Para los primeros soldados que partieron a la Gran Guerra, todo eran parabienes por parte de la población civil. Se estimaba que el conflicto iba a ser una operación de corta duración y plena de heroicidades, una ocasión para los jóvenes para madurar y vivir aventuras que les hicieran consolidar un patriotismo que se daba por consabido. Lo que nadie esperaba es que en esta nueva guerra, en la que la producción industrial iba a jugar un papel determinante, se impusieran las armas defensivas frente a las ofensivas. La artillería y las ametralladoras eran mucho más poderosas que la caballería y los ataques frontales a la bayoneta, que causaron unas carnicerías nunca vistas entre las tropas que se atraveían a atacar las trincheras. El soldado raso sufrió como nunca en una situación de inmovilidad y peligro constante. Sometido periódicamente a bombardeos, ametrallamientos, así como al tormento constante de los piojos y los cambios del tiempo atmosférico, la mayoría soñaba con una herida limpia que les sacara definitivamente de ese infierno o, al menos, con ser transferidos a sectores más tranquilos del frente.
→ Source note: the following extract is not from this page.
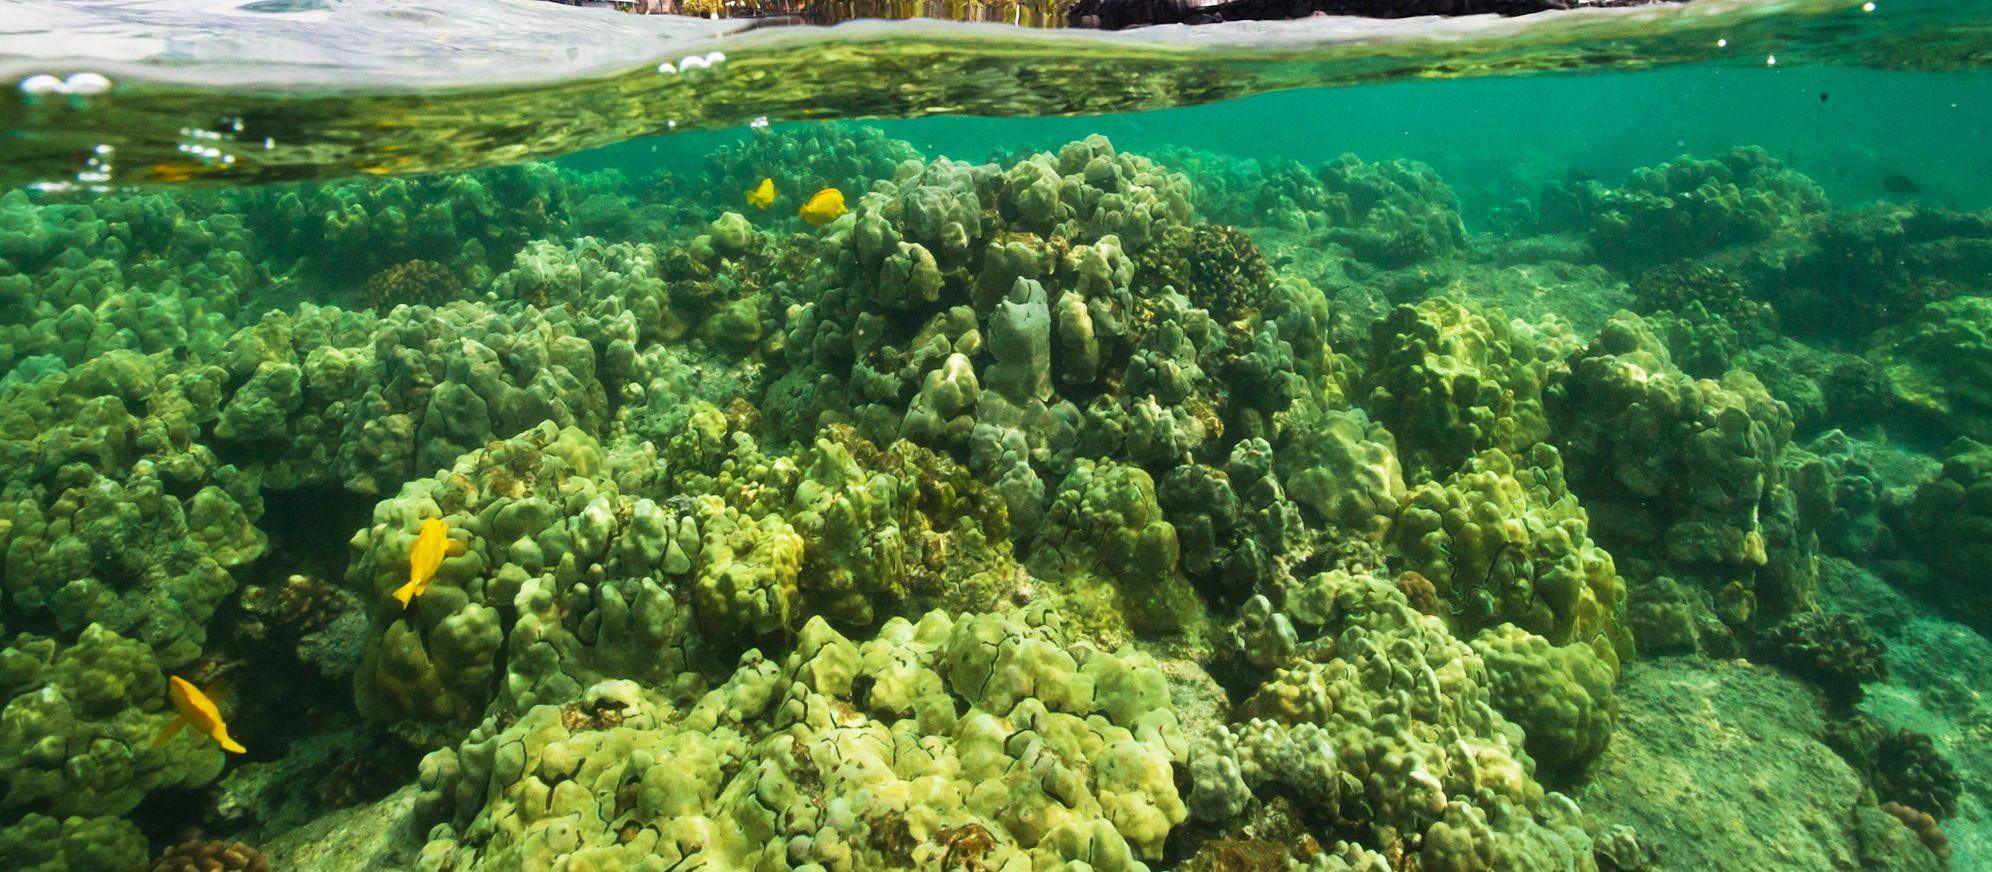 Korallen beim Hale o Keawe Heiau Tempel an der Kealakekua Bay, Big Island

Uuna de las novelas que mejor reflejan tales experiencias es El miedo, de Gabriel Chevallier. Escrita con un evidente ánimo de revancha contra los criminales que hicieron posible esa masacre, la narración está escrita desde la perspectiva del soldado raso, enfrentado durante años a una situación inimaginable, a un miedo constante que destruía cuerpos y espíritus:
"El autor del presente libro consideró que era una falta de decencia hablar del miedo de sus camaradas sin hablar del suyo propio. Por eso decidió abordar el miedo en primera persona, sobre todo en primera persona. En cuanto a hablar de la guerra sin hablar del miedo, sin ponerlo en un primer plano, hubiera sido un camelo. No es posible vivir en los lugares donde uno puede ser despedazado vivo en cualquier momento sin sentir cierta aprensión."
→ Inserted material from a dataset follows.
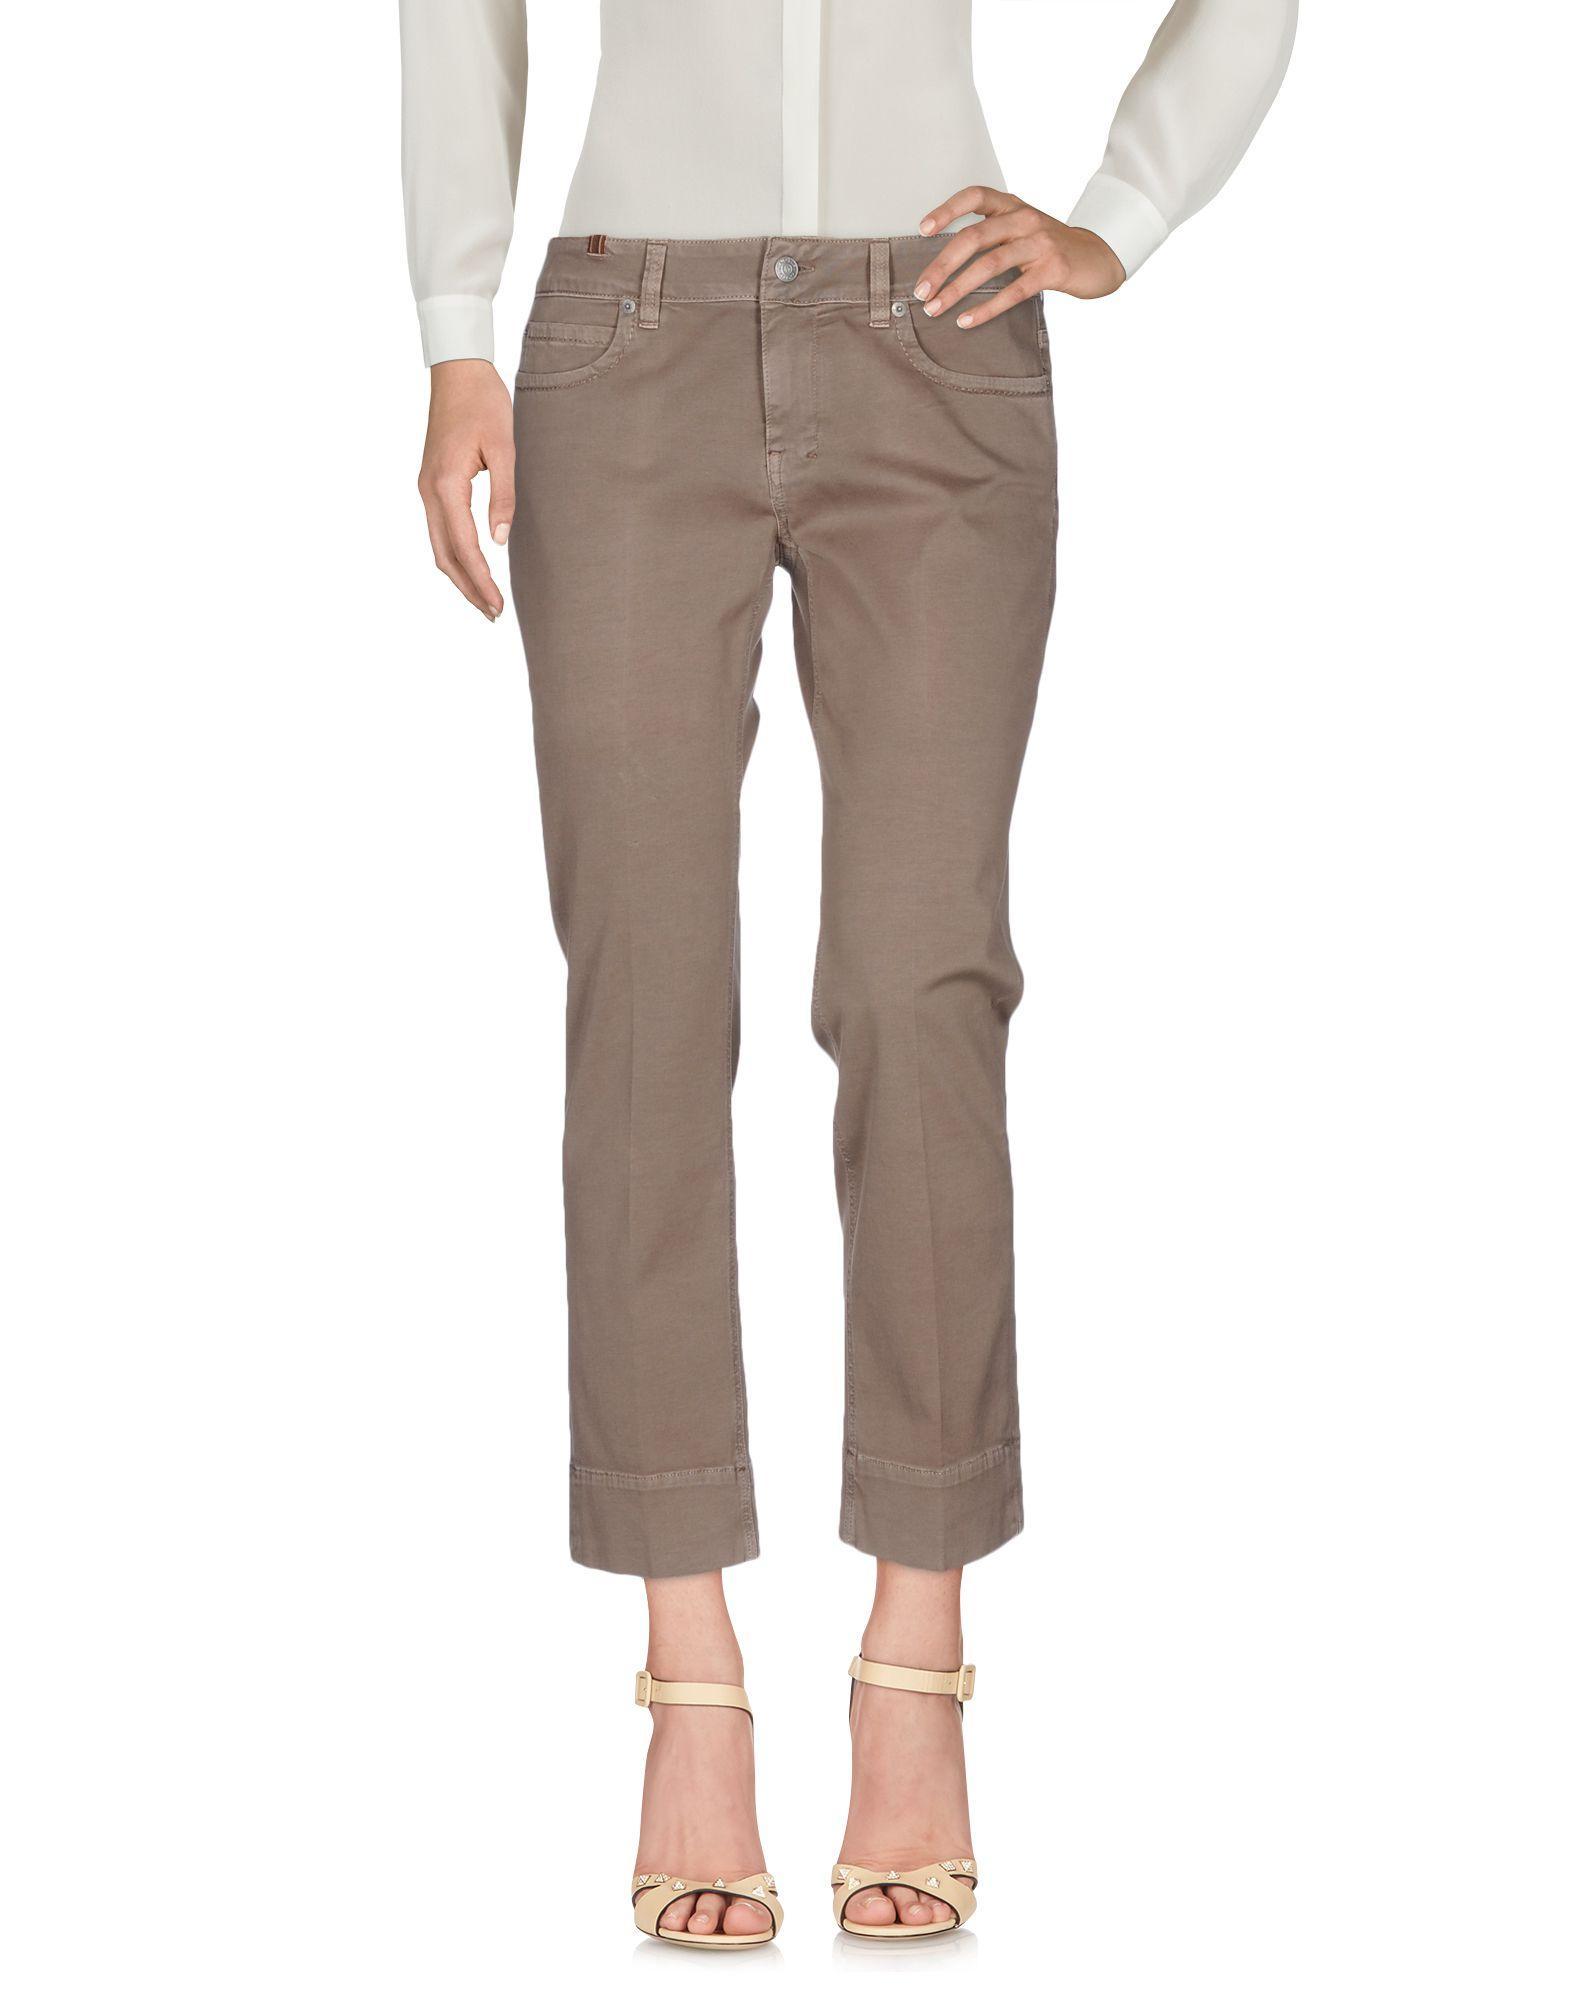 Notify Casual Pants In Khaki

¿Cómo soportaban los combatientes ese sentimiento de terror constante? El autor habla de una especie de moral del esclavo, de un sentido de la fatalidad que dominaba las mentes de la mayoría, puesto que el hombre corriente no ha nacido para ser un héroe. Solo aceptando la cercanía de la muerte era capaz el protagonista de enfrentarse cara a cara a unos peligros atroces, que se acentuaban en los momentos en los que unos generales, confortablemente instalados en la retaguardia, lejos de todo peligro, decidían que había que pasar a la ofensiva. La postura moral del soldado oscila entre la certeza de que esta vez no va a ser el elegido y la certeza contraria, entre el horror de matar y el de ser despedazado. Todas estas peleas internas y externas son reflejadas de manera magistral por la fuerza de la escritura de Chevallier, un excombatiente que sabe bien de lo que habla y que no ahorra al lector escenas fuertes, de horror pleno, ante las cuales no se puede evitar un sentimiento estremecedor.
Bien es cierto que testimonios que éste no sirvieron para que, apenas veinte años más tarde, se iniciase otro conflicto, más devastador si cabe, aunque las nuevas quintas no acudieron a sus puestos con tanta alegría como sus padres, puesto que éstos tuvieron tiempo de advertirles, de testimoniar que la guerra no es un paseo, sino el comienzo de un infierno de duración indefinida. Aun así, los nuevos reclutas se sometieron igualemente a las órdenes de sus mandos y se dejaron matar en los nuevos frentes, como habían hecho sus padres. La respuesta quizá esté en la frase del Teniente Coronel Ardant Du Pincq, que da comienzo a uno de los capítulos:
"El hombre en el combate es un ser en el que el instinto de conservación domina momentáneamente todos los sentimientos. La disciplina tiene por fín domeñar ese instinto mediante un terror mayor.
El hombre se las ingenia para poder matar sin correr el riesgo de caer muerto. Su arrojo es el sentimiento de su fuerza, y ésta no es absoluta; delante del más fuerte, huye sin vergüenza."